By 180 days after hospital admission, 149 (38%) of 390 CDAD case-patients and 2,150 (12%) 17,660 noncase-patients had died. In the Kaplan-Meier analysis, the mortality rate was significantly higher for CDAD case-patients than noncases (log rank p<0.001) (Figure 1). Unadjusted and adjusted Cox regression results for death within 180 days of admission (“180-day mortality”) are presented in Table 3. The adjusted hazard ratio for 180-day mortality was significantly higher for CDAD case-patients than noncase patients (HR 1.23, 95% CI 1.03–1.46) (Table 3).

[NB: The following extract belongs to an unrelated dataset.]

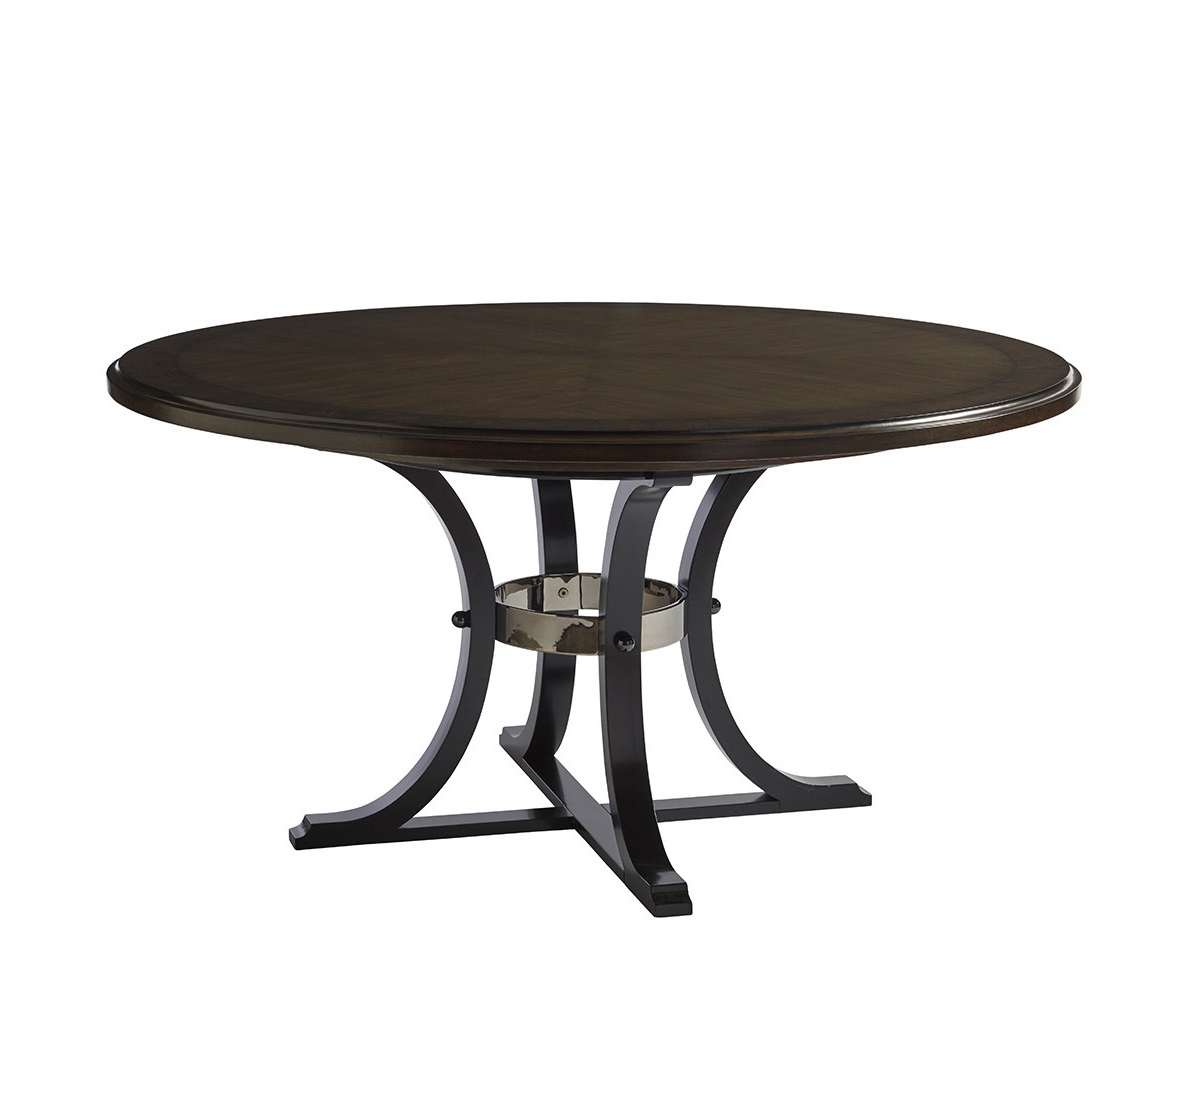 Layton Dining Table, Lexington Round Dining Tables For Sale, Brooklyn, New York 

The propensity score matched-pairs analysis included 353 CDAD cases and 353 controls (N = 706). There were no significant differences between the matched cases and controls after correcting for multiple testing with the Bonferroni procedure. Thirty-seven CDAD case-patients were dropped because a nearest-neighbor control was not available. Unmatched CDAD patients had significantly higher modified APS (median = 7.0 vs. 5.0, p<0.001), longer median length of stay (13.6 days vs. 9.6 days, p = 0.01), and higher percentage of deaths at 180 days (59% vs. 36%, p = 0.01) than matched case-patients.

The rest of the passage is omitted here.